No âmbito da PF, há ainda cenários mais complexos, como redes que utilizam programas de P2P (compartilhamento ponto a ponto) ou bancos de dados hospedados em outros países, sem servidor central. Segundo Macedo, há ainda registros de abusadores que pedem imagens das vítimas e as distribuem em sites abertos ou na chamada dark web.
Apesar da gravidade dos casos virtuais, conforme Macedo, nunca houve registro, no Estado, de criança atraída pela internet e sequestrada para fins de abuso sexual.
Mãe Thais Campos supervisiona filho durante jogo online em casa. (Foto: Paulo Francis)
Várias plataformas - O delegado explica que os criminosos não usam um aplicativo específico. As abordagens podem ocorrer em redes sociais populares, como o X e o Instagram; serviços de mensagem do Facebook e também em ambientes de jogos online, como o Discord.
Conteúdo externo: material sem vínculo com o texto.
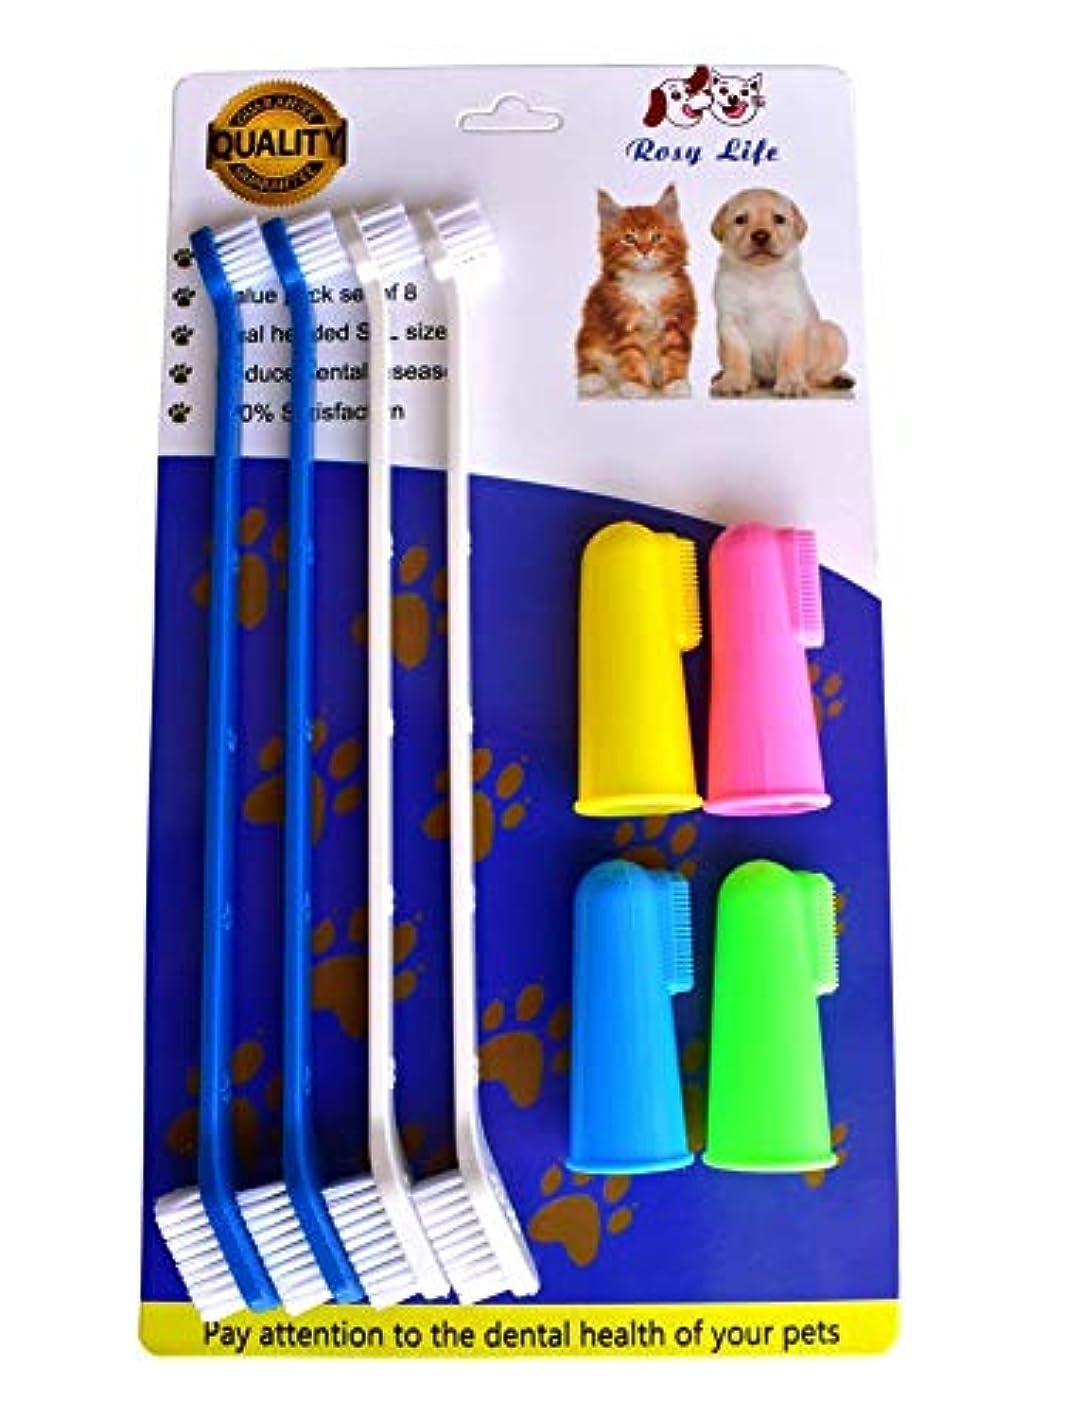 判定暴力的な講師RosyLife 大型犬 小さなペット 犬柔らかい歯ブラシ犬用歯ブラシ指歯ブラシ ペット 歯ブラシ 4中性サイズ+ 4頭歯ブラシ
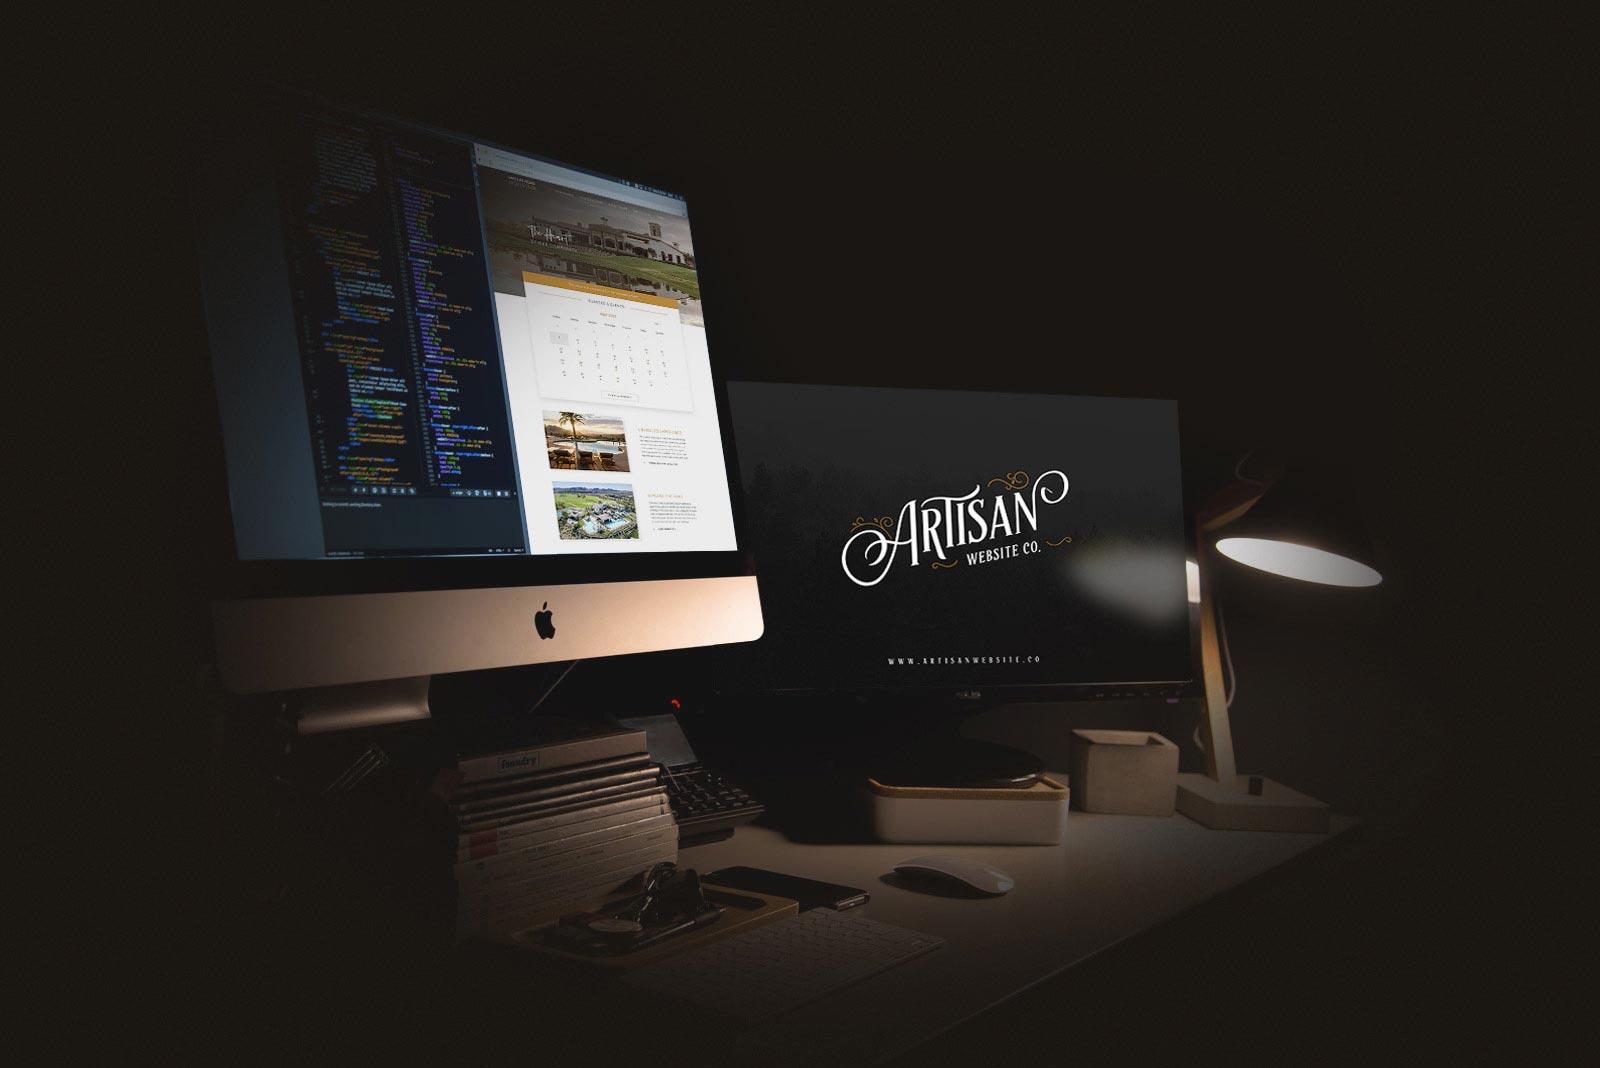 Las Vegas website and design studio.

Escola como defesa - Diante desse cenário, desde 2025, a Polícia Federal realiza campanhas de prevenção em escolas de Campo Grande, com foco em professores, crianças e adolescentes. O objetivo é orientar sobre os riscos, ensinar a identificar abordagens suspeitas e evitar que estudantes se tornem vítimas, seja de exploração sexual, seja de golpes virtuais.
Crime hediondo - A violência sexual contra crianças e adolescentes é classificada como crime hediondo desde 2014, o que reflete a gravidade desse tipo de delito e prevê punições mais severas.
A repressão policial, no entanto, é apenas parte do enfrentamento. A principal barreira continua sendo a prevenção dentro de casa. A orientação é que pais e responsáveis acompanhem o que crianças e adolescentes fazem online, observem mudanças de comportamento e mantenham diálogo constante sobre os riscos das interações virtuais. Conforme o delegado Macedo, a dica de segurança é dar “liberdade, mas sob supervisão dos responsáveis”.
A presença e a vigília são estratégias adotadas pela mãe Thais Campos. Sempre que o filho Eduardo quer jogar com os amigos, ela estipula apenas uma hora de brincadeira e usa a televisão da sala no viva voz para que possa acompanhar a comunicação entre as crianças.
Denúncias sobre crimes de abuso sexual infantil podem ser feitas pelo canal de comunicação de crimes no site da Polícia Federal.